:: Action item ::
Go to the line that includes "O 2i+ 10j - 8k" and retype it, then every line after it to the end of the data, adding nothing.

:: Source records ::

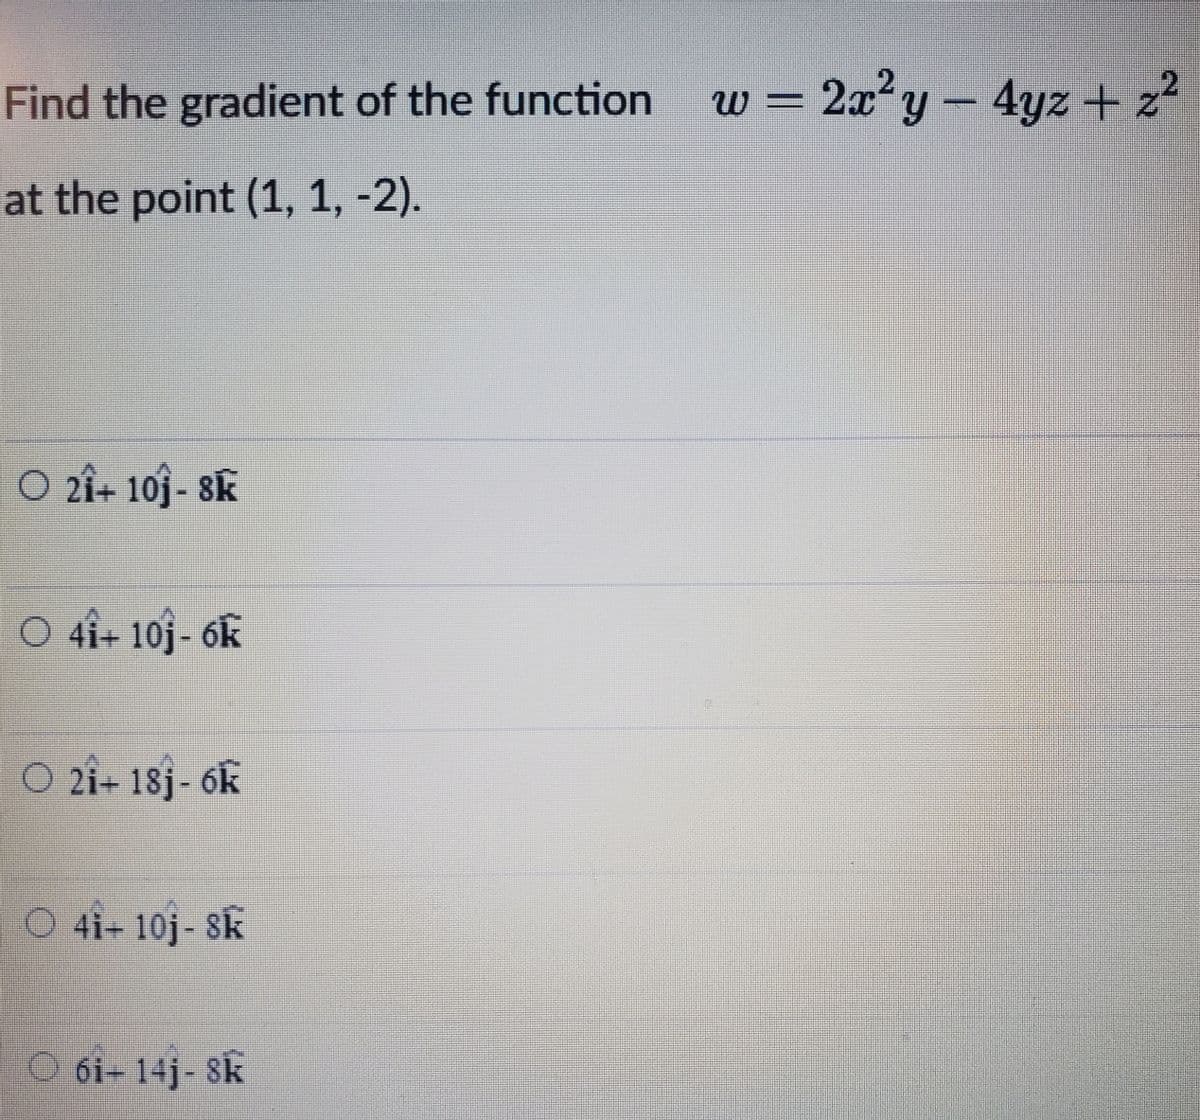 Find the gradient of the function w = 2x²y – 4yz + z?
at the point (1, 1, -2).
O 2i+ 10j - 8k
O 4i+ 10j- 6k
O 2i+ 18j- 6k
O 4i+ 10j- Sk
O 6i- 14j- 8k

:: Answer to this problem ::
O 2i+ 10j - 8k
O 4i+ 10j- 6k
O 2i+ 18j- 6k
O 4i+ 10j- Sk
O 6i- 14j- 8k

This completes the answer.